February 12, 2003

DMCA exemptions reply comments, one week left

Seven more reply-comment days for DMCA ...

Useful general references:

"EFF is helping individuals fight for DMCA exemptions."
http://www.eff.org/IP/DMCA/2003-DMCA-1201-comments.php

"How To Win (DMCA) Exemptions And Influence Policy"
http://www.eff.org/IP/DMCA/finkelstein_on_dmca.html

"Winning (DMCA) Exemptions, The Next Round"
http://www.eff.org/IP/DMCA/finkelstein_on_dmca2.php

Article below:
http://www.infosecuritymag.com/2003/feb/news.shtml#4

LAW & ORDER
DMCA Opponents Target Change
by ANNE SAITA

Programmer Seth Finkelstein has some advice when venting about shortcomings of the Digital Millennium Copyright Act: Watch your language.

Finkelstein won one of two exemptions from the U.S. Copyright Office the last time it sought input on the controversial law in 2000. And he did it, he says, by carefully crafting an argument based on practical effects of a DMCA prohibition that prevented decrypting "censorware blacklists" used by content filtering software.

"The most surprising thing about the process was that they listened,"Finkelstein says.

Every three years, the Copyright Office must make a public inquiry into adverse effects caused by specific DMCA restrictions that protect copyrighted works. The first deadline for written comment is over, but it's still possible to chime in by filing comments on one of the 50 arguments now on the record-including 10 related to information security (www.copyright.gov/1201/2003/comments/index.html). The deadline is Feb. 19.

Even the Copyright Office admits its 2000 recommendation ratio of 2 to 235 is "modest," mainly because most comments, though eloquently presented, failed to show how the law inhibited research.
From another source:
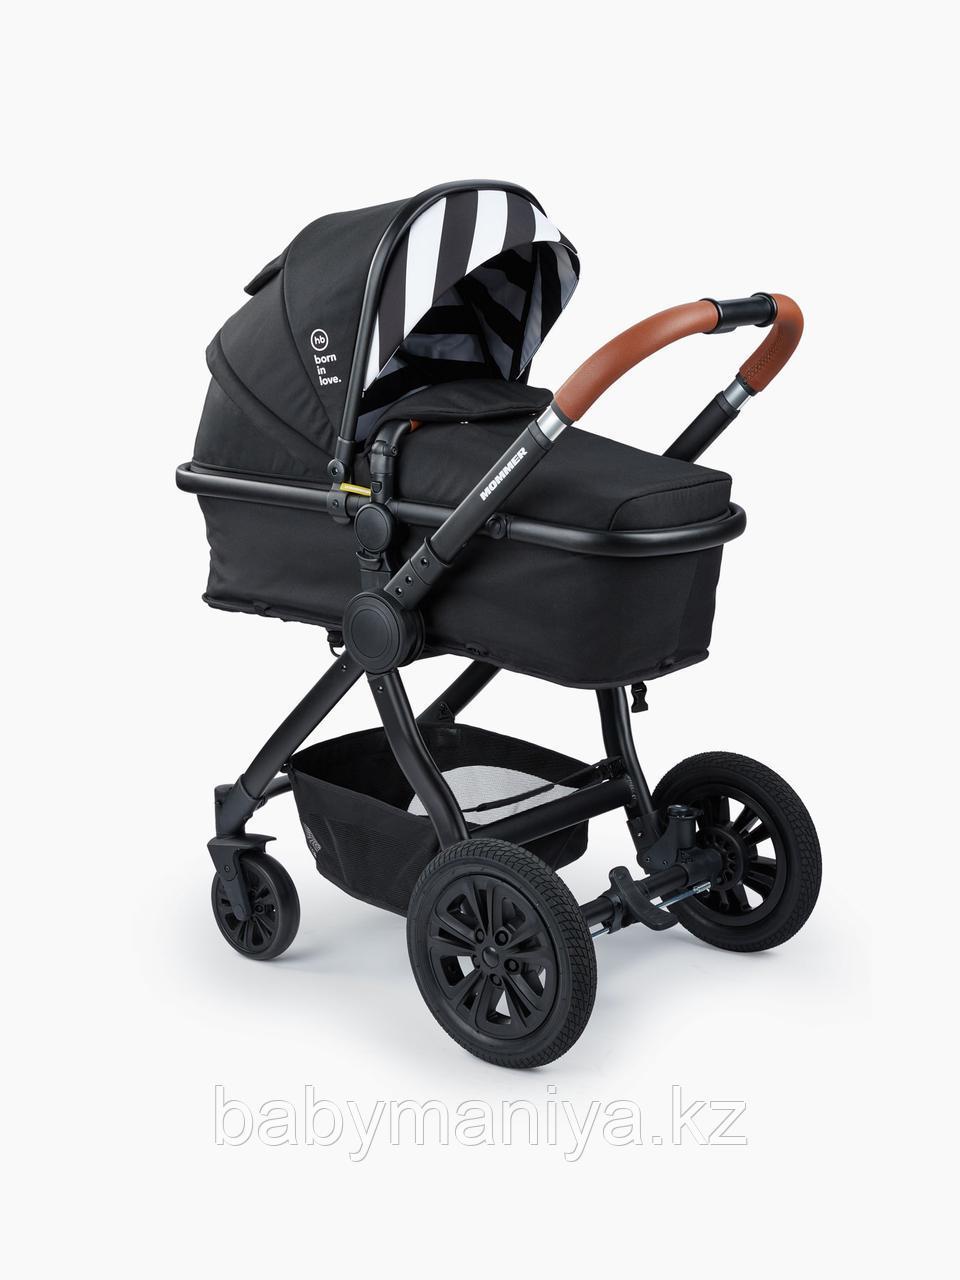 Коляска-трансформер 2 в 1 Happy Baby MOMMER Black

Admittedly, examples were hard to come by in the last round, since the law was still relatively new and untested in the courts.
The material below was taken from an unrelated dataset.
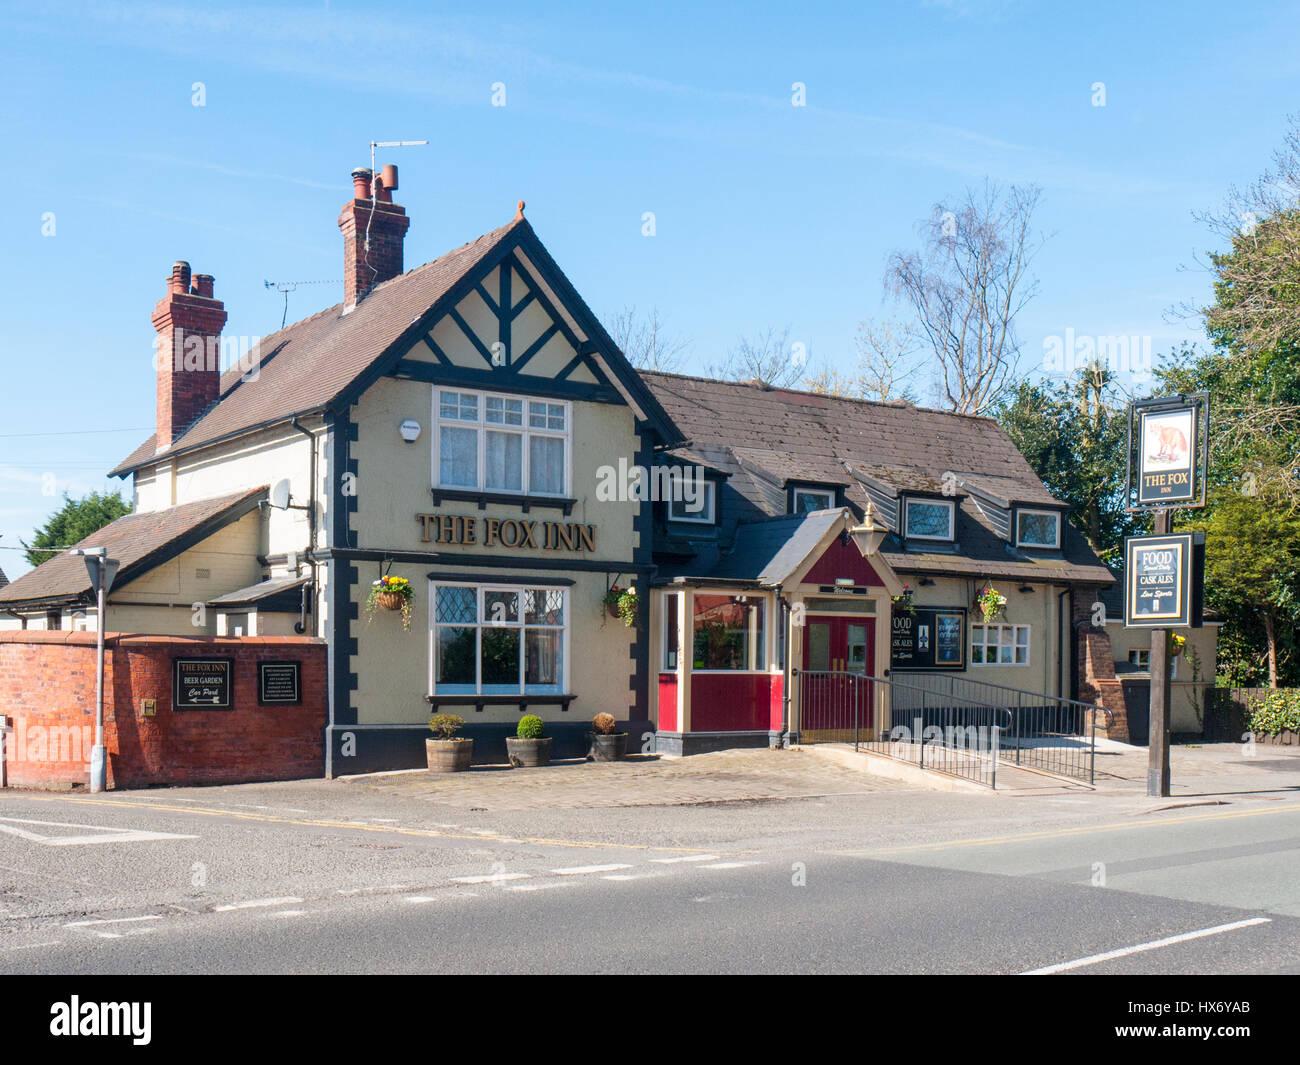 The Fox Inn public house in Elworth Sandbach Cheshire UK - Stock Image

This round is different. Though there are fewer written arguments (mainly because of stricter submission guidelines), there also are more specific instances to cite, such as Princeton University professor Edward Felten's legal tussle with the recording industry over publishing an academic exercise in breaking the watermarks on musical digital files.

"It's going to be harder for them to say there's not enough evidence in certain cases," he says. But, he adds, "though the chance is greater, it's definitely not a sure thing."

By Seth Finkelstein | posted in dmca | on February 12, 2003 05:48 PM (Infothought permalink) | Followups
Seth Finkelstein's Infothought blog (Wikipedia, Google, censorware, and an inside view of net-politics) - Syndicate site (subscribe, RSS)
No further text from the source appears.